The lawyers went software shopping and chose eRoom's offering. Before using eRoom's software of the same name, the law firm had to resort to faxing and overnight mail delivery of lengthy legal documents to finalize multimillion-dollar financial deals for clients. Sometimes, all parties ended up huddled for a week in the posh, art-filled Morgan, Lewis conference room, marking up documents to make a deadline.
Nowadays, participants in these high-powered deals are more likely to meet at the Morgan, Lewis Web site to thrash out complex negotiations.
In their assigned eRoom, the bank, insurance company and accountants can pick up legal documents electronically, send them back with comments or engage in some online lawyerly chat.
When a financial deal is completed, the lawyers can scan signed documents for retrieval in eRoom by all participants. The handwritten signature found in a Portable Definition Format file makes it clear that this is the final word following a round of unsigned drafts, Loveless notes.
"The efficiencies of this are extraordinary from a lawyer's point of view," he says.
Another of the firm's attorneys, Ronald Roubley, loves eRoom's instant messaging feature.

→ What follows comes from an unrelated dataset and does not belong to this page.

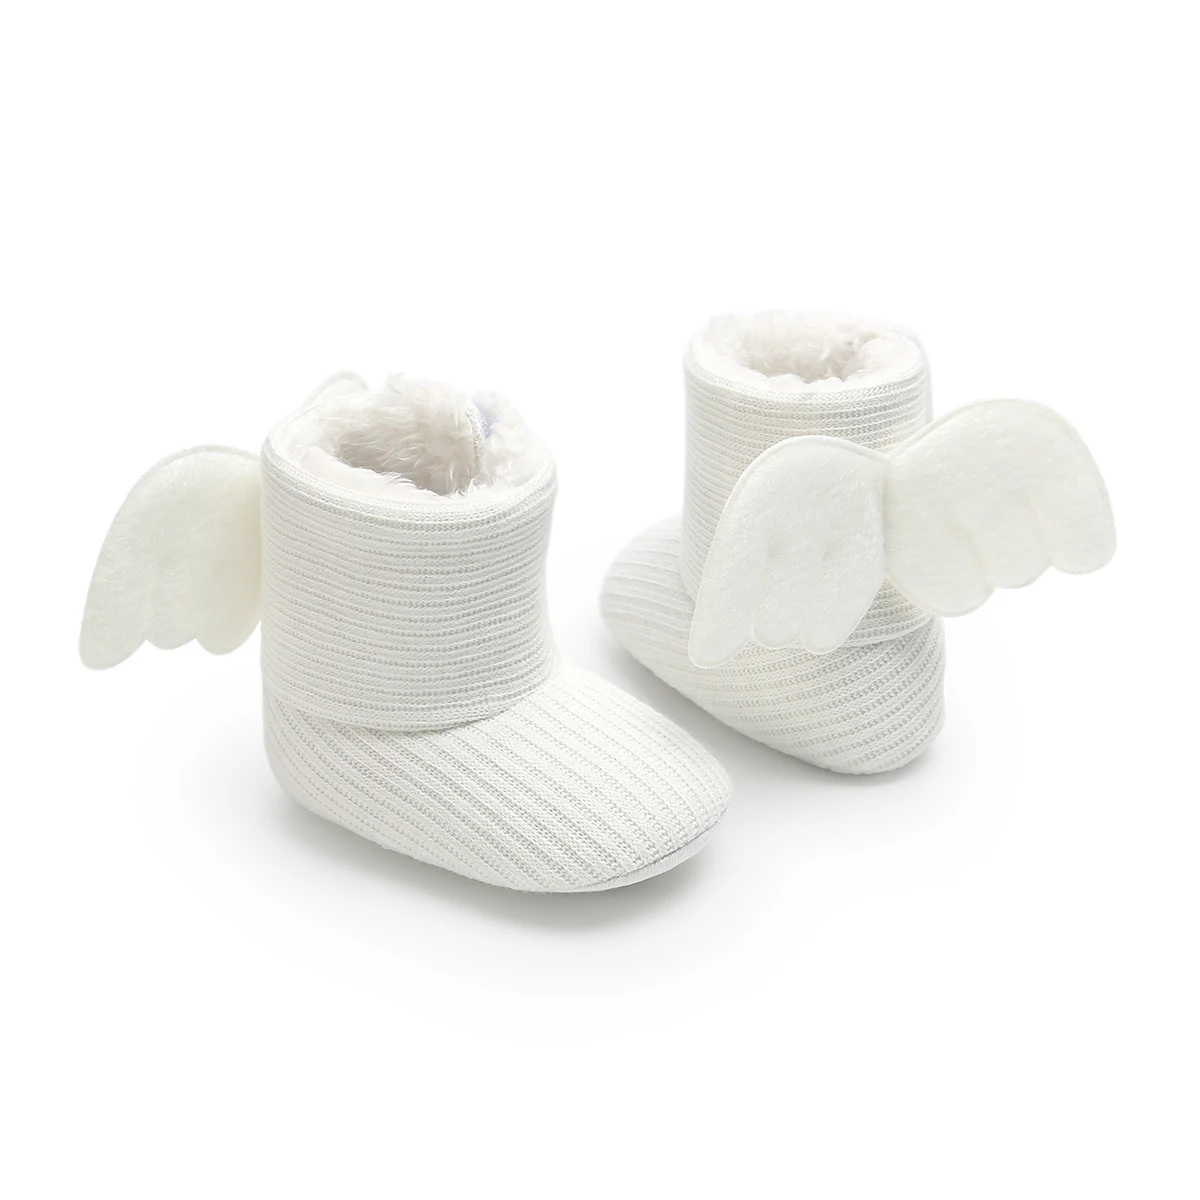 Мягкие Зимние ботиночки для малышей, носки для новорожденных, теплые подарки, милые детские ботиночки для малышей, милые ботиночки для маленьких детей с крылышками, для 0-18 месяцев - Цвет: Белый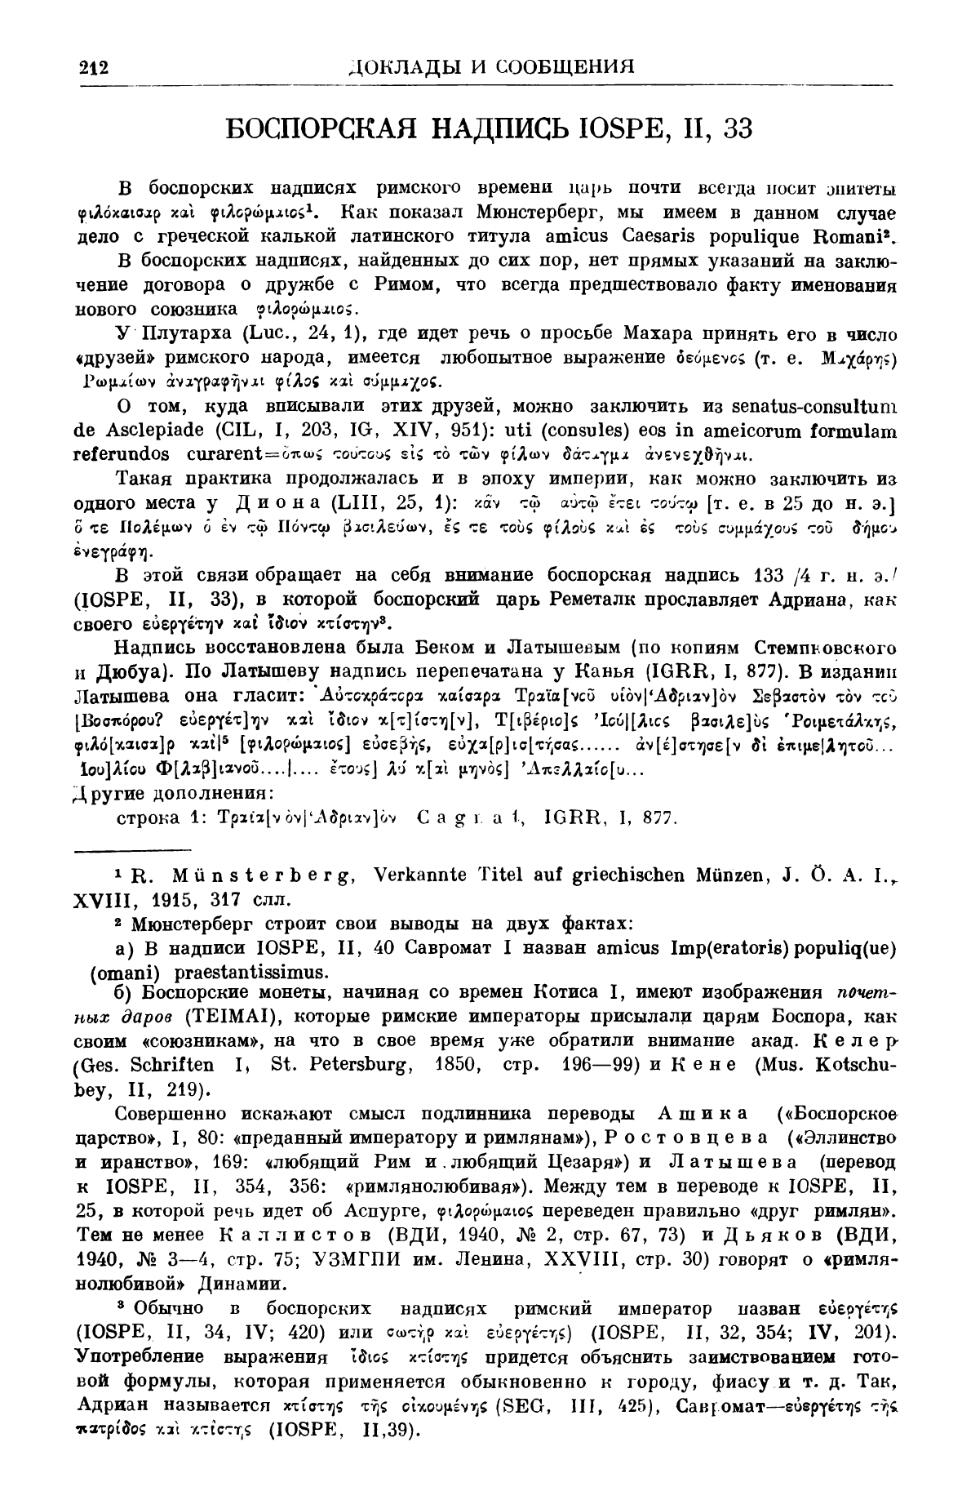 В. И. Надэль. Боспорская надпись IOSPE, II, 33

This lets him "page" Penn Mutual's investment managers and advisors at their desktops when he needs immediate review of any financial document sent by HTTP to the eRoom.
Ann Strootman, Penn Mutual's financial controller and a vice president, says she insisted on online collaboration because of the need to meet strict deadlines, such as the Securities and Exchange Commission requirement to file documents related to financial offerings.
"The number of filings has grown, and there are so many handoffs, so much paper," she says.
As the two business partners mulled exactly how to enable online collaboration, Strootman suggested that Penn Mutual open its network to facilitate a hosted document exchange service based on Citrix software.
But Morgan, Lewis attorneys worried that there would be questions about ownership of the legal documents if they were stored inside another company. The law firm then tried e-mailing the large documents around. But with the huge legal files, the mail had to be batch processed, often hours after being sent, Loveless says.
The Windows NT-based eRoom software caught their attention, and the lawyers tested it for several months as a hosted service to get a feel for it. They liked how they could set up restricted access for file exchange of any kind in a workflow routine, with chat and instant messaging, using the eRoom browser plug-in.
Once the firm decided on eRoom, Loveless negotiated a site license so every Morgan, Lewis client and employee can use the software without anyone having to worry about the usual $200 per-seat charge.
Then he prodded the IT department to support the server, its password management and its backup.
Wasylyk acknowledges that he had little chance of winning against this bunch of high-powered lawyers.
"I've had lawyers come in and say, 'If you don't plug this server in, I will.' You can't say no to these people. They're too smart, and they'll find a way," he says. The firm's network has been brought down more than once by lawyers plugging in powerful computers without notifying the IT department, he adds.
Now that eRoom seems there to stay, the debate centers on how to improve it and make it work better with the firm's primary iManage document management system, which itself has been opened up via a Web interface to Morgan, Lewis clients. The lawyers don't think eRoom needs to share documents with iManage, but Wasylyk says he thinks otherwise.
"There's tension, but it's a healthy tension. It's a sign that people are thinking about what they're doing," Wasylyk says. "We do have to find new ways of interacting with our clients."